Why does the soil in the garden turn green and how to deal with it. Why is the soil covered with moss and what to do about it


Air does not circulate

There is a fence around the perimeter of the dacha area, trees or shrubs are densely planted - factors that reduce ventilation. In a greenhouse, the effect is multiplied if you do not ventilate it periodically. This leads to water retention and the soil turns green. It’s not uncommon for summer residents to disrupt soil aeration themselves. Regular walking compacts the soil. In such soil, air circulation and moisture absorption into deeper layers are disrupted. Violation of the structure leads to stagnation of water and the appearance of a green coating on the surface. The density of the soil can only be restored by loosening and digging, and you can add sand or black soil to give it airiness.

Basic methods of struggle

There are several methods with greening:

  1. Replacing the top layer;
  2. Reducing soil acidity levels;
  3. Mulching;
  4. Rational crop rotation in a greenhouse.

Replacing the top layer


Replacing soil will require a lot of effort and time

Complete or partial replacement of soil in a greenhouse is the most radical way to combat greening. This is quite a costly event both in terms of time and effort.

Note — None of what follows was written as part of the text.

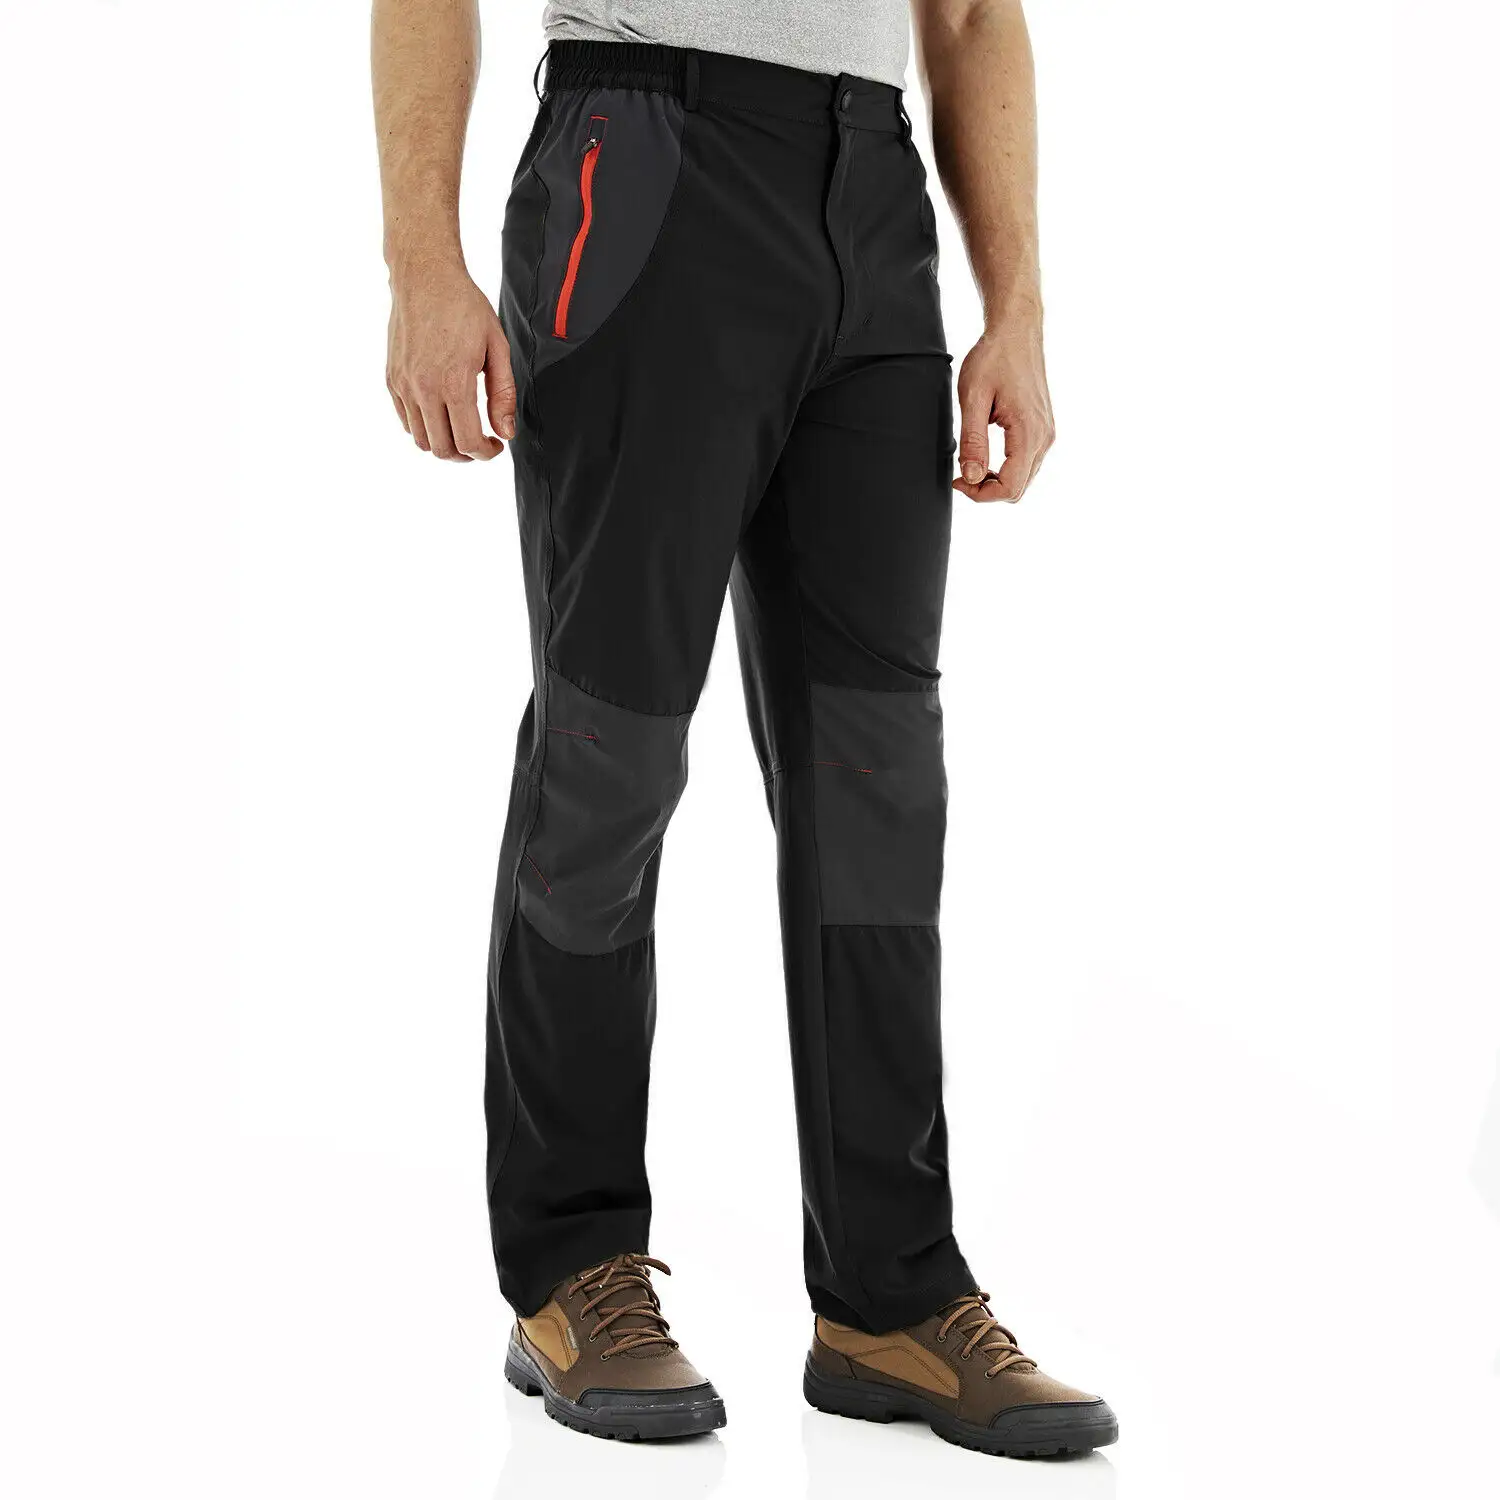 Top design mens soft shell pants winter cargo pants collection for men on wholesale price with best quality material

It should be used if all other methods have not been effective. Such soil replacement should be carried out either in the fall, after there are no plants left in the greenhouse or greenhouse, or in the spring, before planting seedlings.

How to replace soil:

  • remove the top layer of soil, at least 0.3 m thick ;
  • treat the remaining surface with quicklime;
  • After about a day, the lime must be quenched with ordinary water;
  • the entire surface of the soil on which the lime was slaked must be very carefully whitened;
  • leave the soil in a whitewashed state for two to three days;
  • After the soil has completely dried, a new, fresh one is brought in and laid.

Reducing soil acidity levels

Before you start reducing the acidity level of the soil, it is important to find out what the acidity level of the soil in your greenhouse is. This can be done either with special devices or using improvised means.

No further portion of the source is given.